Order on medical, dental fee irks parents

Activist calls for G.O. to protect students of Annamalai varsity

October 29, 2021 01:16 am | Updated 01:16 am IST - CHENNAI

A government order from the Higher Education Department has upset parents of wards studying in Annamalai University’s medical and dental colleges.

The G.O., signed by the department’s Secretary D. Karthikeyan and issued on Tuesday, has provided the details of fees fixed for MBBS and post-graduate programmes in the Government Medical College and Government Dental College, Cuddalore district for students admitted in 2016-17 onwards.

The order states that students on the university’s roll during the academic year 2020-21 had approached the government and sought to re-fix the fee for PG and UG courses.

Accordingly the department has given a break-up of fees fixed for students admitted since 2016-17. For instance, MBBS students currently doing their Compulsory Rotatory Residential Internship (CRRI) will pay ₹5.44 lakh for the first year and subsequently ₹4 lakh/year. The same rule applies for students admitted in 2017-18.

For those admitted from 2018-19 to 2020-21, the fee has been fixed at ₹4 lakh/year “on a par with self-financing college fees for the entire duration of their study” the order reads.

A similar break-up has been given for dental college students and for PG students. Any excess fee would be refunded to outgoing students or suitably adjusted for junior year students towards fee to be paid in the coming years. In case of CRRIs, if the stipend was paid then it would be recovered as in self-financing colleges no stipend is paid to CRRIs, the G.O. explains.

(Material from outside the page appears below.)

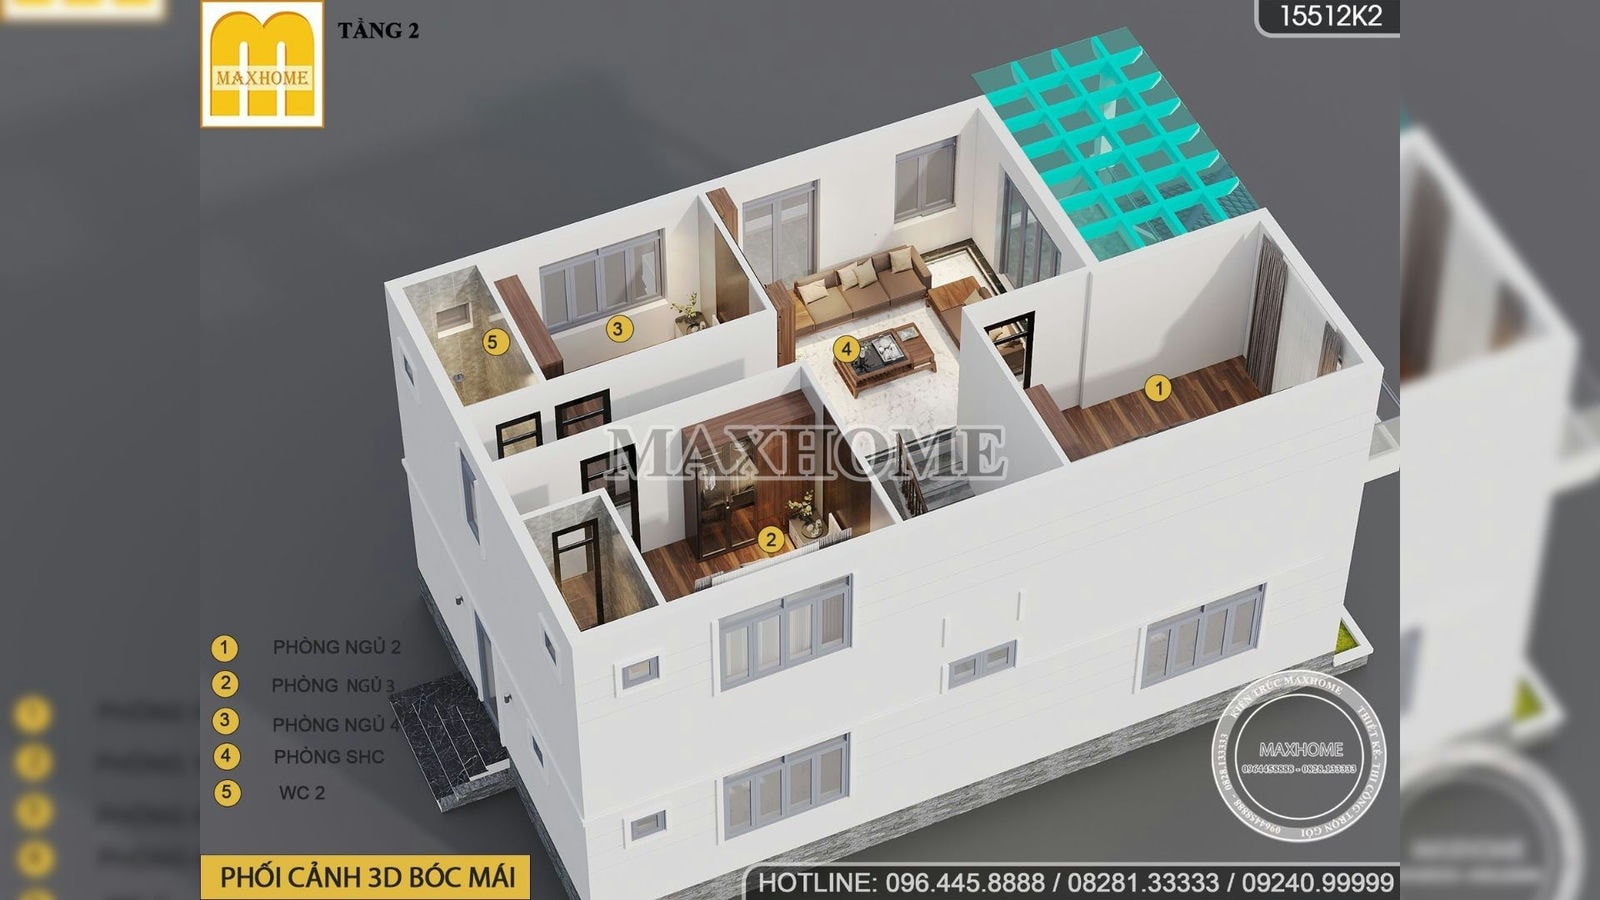 Nhà 2 tầng thiết kế hiện đại công năng 4 phòng ngủ siêu đẹp | MH01824
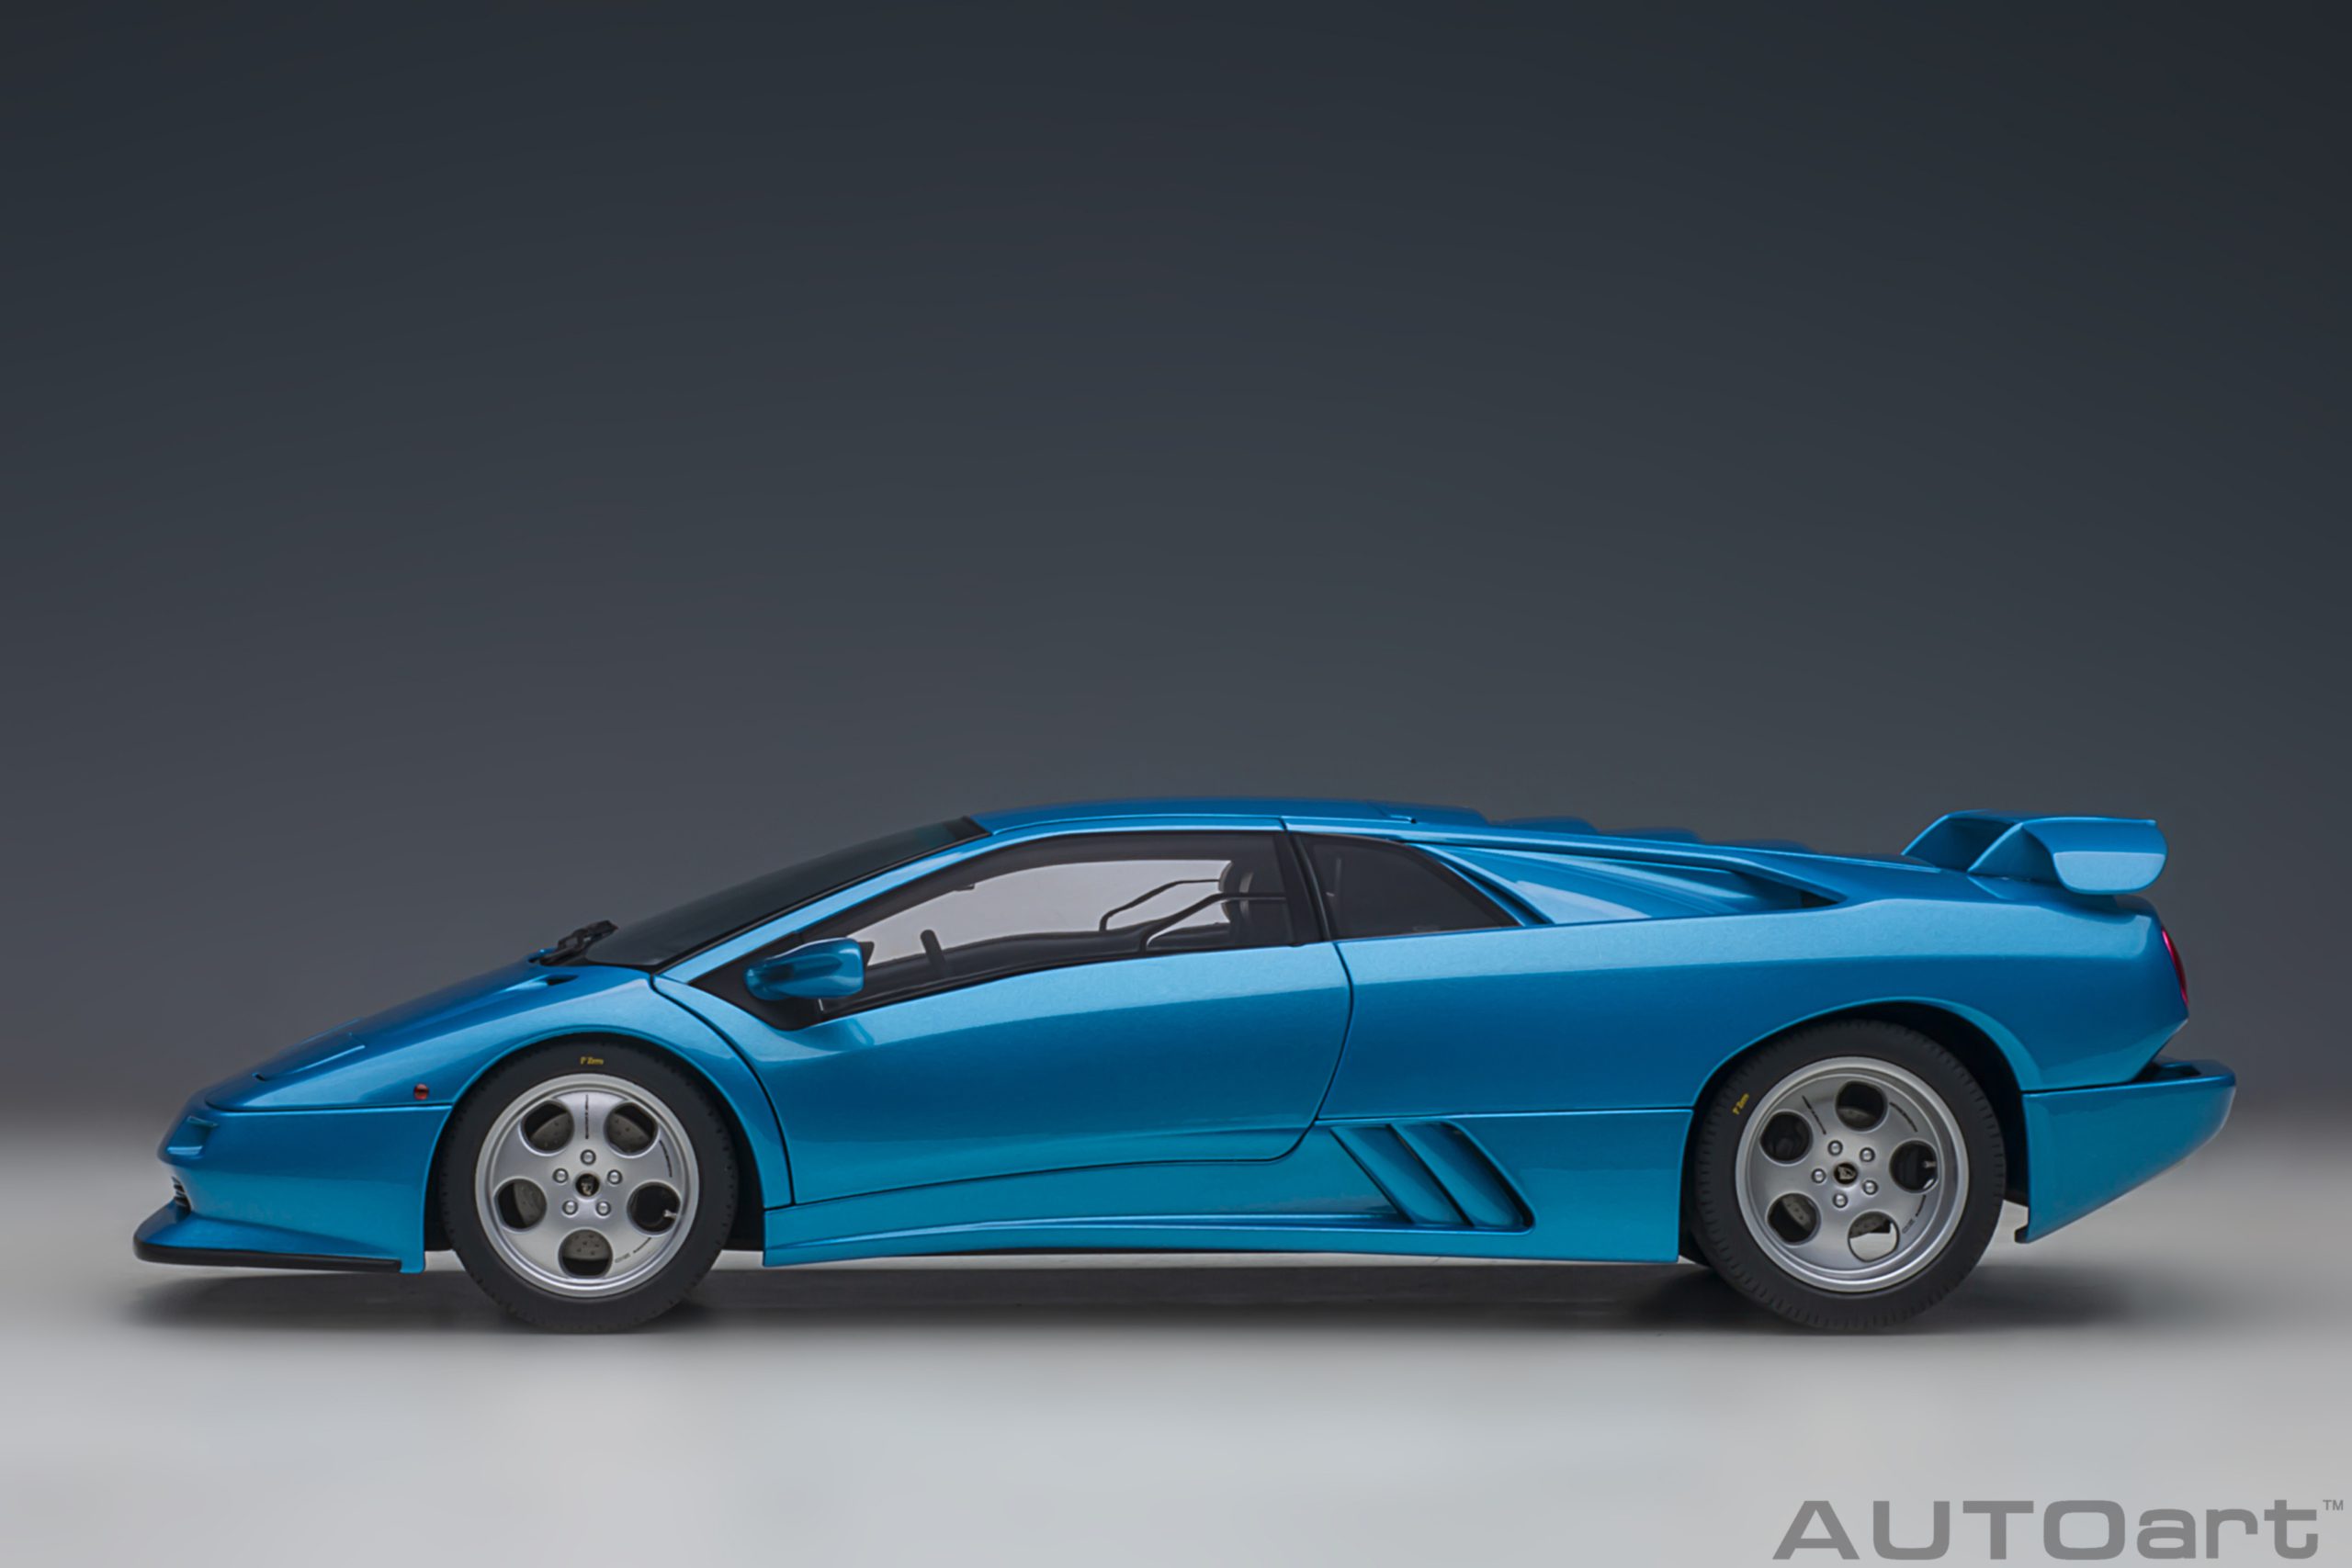 autoart-79156-3-Lamborghini-Diablo-SE30-30th-Anniversary-Edition-Blu-Sirena-metallic-blue

“The government took over the colleges in 2013, but the fee collected was much higher than even that collected by SF colleges. We, the parents of students from the 2013-14 batch, have been fighting for refund.

“When the fee for self-financing colleges was ₹2.3 lakh to ₹2.8 lakh, we paid ₹4.5 lakh and ₹5.04 lakh as per the (fee fixation) committee’s order, which too we have challenged,” said S. Viswanathan, a parent, who led the legal fight against the higher fees fixed by the committee.

He added that the order had been issued at a time when case was pending with the Madras High Court.

G.R. Ravindranath, general secretary of Doctors’ Association for Social Equality, said the fee fixed by the government is 30 times higher than what is paid at government colleges and three times more than that fixed for SF colleges.

He has urged the government to issue an order that the fee for the students admitted in PG for 2021-24 be on a par with that charged by government colleges only. Similar move is necessary for MBBS students admitted from 2021-22, he said.